BU News Service
An ongoing controversy over protected bike lanes in Cambridge has left some residents celebrating the new infrastructure and others questioning their impact.
After two Cambridge cyclists died in separate crashes in 2016, the city expedited installation of protected bike paths. So far this year, the city has added 1.1 miles of protected bike lanes. Out of 200 miles of city streets, there are 4.2 miles of separated bike lanes, according to Patrick Baxter, engineering manager with Cambridge Traffic, Parking, and Transportation Department. There are a total of 25.8 miles of bike lanes citywide, including separated, and 16 more miles of bike paths will be added within 15 years if the city follows the Cambridge Bicycle Plan, published in October 2015.
“Note that all of these numbers represent road miles with bike lanes, so if there are bike lanes in each direction on a one-mile segment of road – that counts as one mile. Other cities may count that as two lane miles,” said Baxter.
Three goals of the plan are to shift toward making biking a sustainable way to travel, create a system that is safe for all ages and abilities and adopt innovative bicycle infrastructure.
Since the city’s most recent bike path additions, many residents have expressed support and opposition, respectively, in letters published in the Chronicle. While one side praised the city for prioritizing the safety of bikers, the other expressed dismay over the dangers the bike lanes pose to drivers, pedestrians and emergency vehicles.
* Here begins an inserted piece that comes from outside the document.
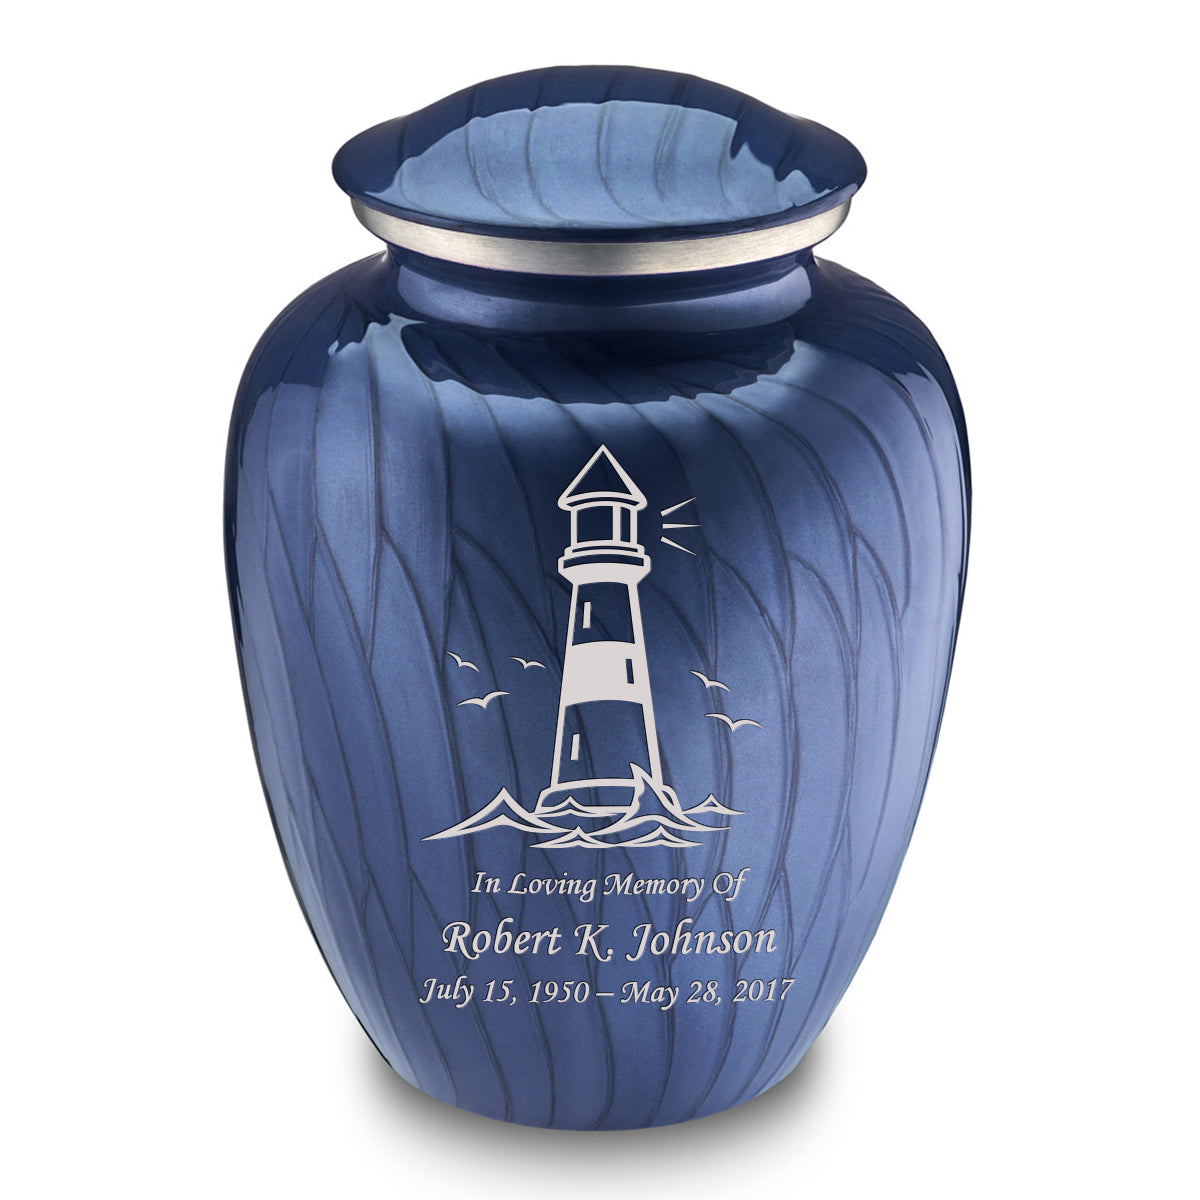 Adult Embrace Pearl Cobalt Blue Lighthouse Cremation Urn

Anne Lusk, a researcher at Harvard T.H. Chan School of Public Health, has been working on bicycle facilities for 36 years and strongly supports the city’s efforts to install protected bike lanes.
In a recent study, Lusk found that cyclists in Montreal, Canada who traveled in bicycle-exclusive paths had a 28 percent lower injury rate than those who biked in the road.
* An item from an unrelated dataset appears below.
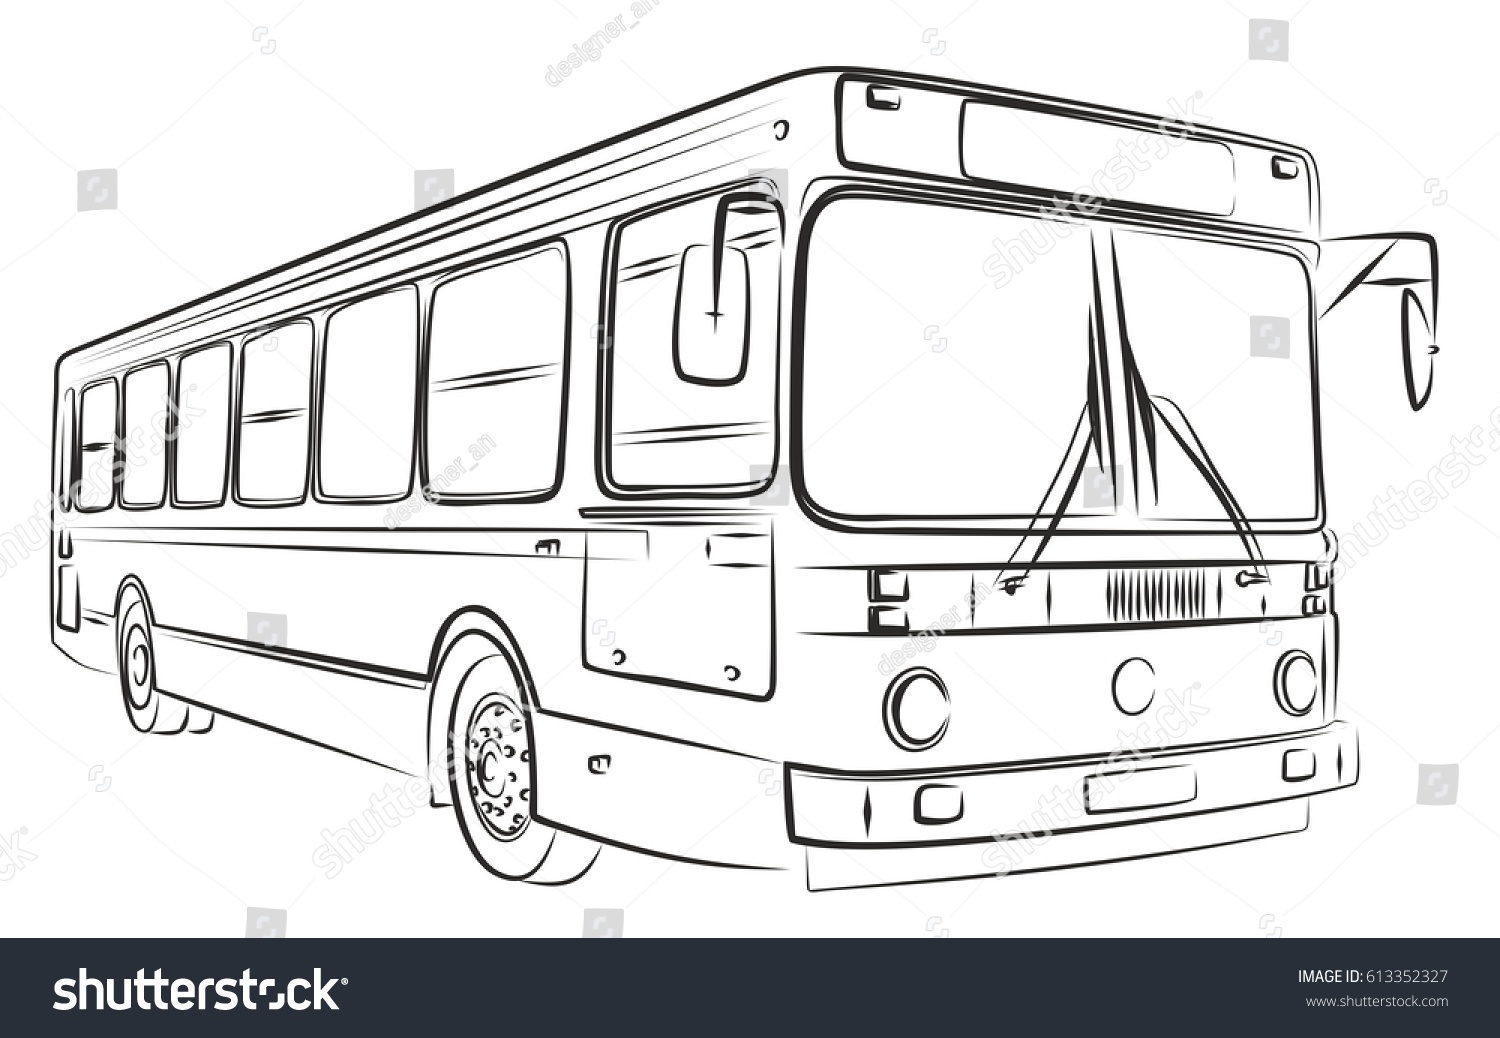 Автобус ЛИАЗ раскраска для детей

“The bicyclists now who are having to share the road with the cars can’t predict what a car will do,” she said. “It’s better if we can separate the bicyclists from the car drivers and give them their own separate lane.”
If the bicyclists have to share the road with vehicles, Lusk said, there is little incentive to travel by bike.
However, Robert Skenderian, owner of Skenderian Apothecary on Cambridge Street, where some of the new lanes have been installed, said the city must consider the needs of people who rely on wheelchairs and crutches.
One of his most loyal customers has been particularly affected by the new bike lanes.
″[He’s] paralyzed from the waist down. He has a car…. He’s proud to be able to run errands for himself. He can’t come here anymore,” Skenderian said.
For three decades the man has parked on Cambridge Street near the shop, exited on the passenger side, put his wheelchair out by the curb and pulled himself onto it.
“Now if he does that, he’s putting his chair into the bike lane. Because he’s a spinal injured person he can’t do that in a matter of seconds. If cyclists are going by, and they aren’t courteous, it creates conflicts,” Skenderian said.
In recent months the man has relied on others to run errands for him.
“These bike lanes have robbed him of his independence,” Skenderian said.
Lusk empathized with Skenderian and his customers.
“We understand the issues of … the individuals in wheelchairs … and we only ask for patience,” she said. “We’ve really only had the cycle tracks since 2010, and therefore it’s taking us a while to improve the facilities.”
Other city residents have been weighing the pros and cons of the newly installed bike lanes, as well.
Mae Tal, a Harvard University student studying city planning, said she hopes the city will address accessibility issues moving forward.
“I think wheelchair and other handicap accessibility is really important in a city,” she said. “And I think those issues definitely need to be addressed by authorities.”
Pat Singleton, a cyclist and teacher at the Cambridge Rindge and Latin School, said he has mixed feelings.
“I feel safer with the new bike lanes, but I’ve seen a lot of cars impinging on them,” he said. “Someone blocking a bike lane or opening a car door into it is worse than having no bike lane at all.”
Harvard University student Youssouf Camara expressed similar feelings.
“I’ve seen a couple places where turns have been kind of treacherous, and operating between lanes and cars can be kind of tight, but I think generally it’s positive,” he said.
Despite some of the complaints, the city plans to follow the Cambridge Bicycle Plan. Ultimately, some residents said, the city just needs to start somewhere.
The Cambridge Bicycle Committee will host its next meeting open to the public on Nov. 8.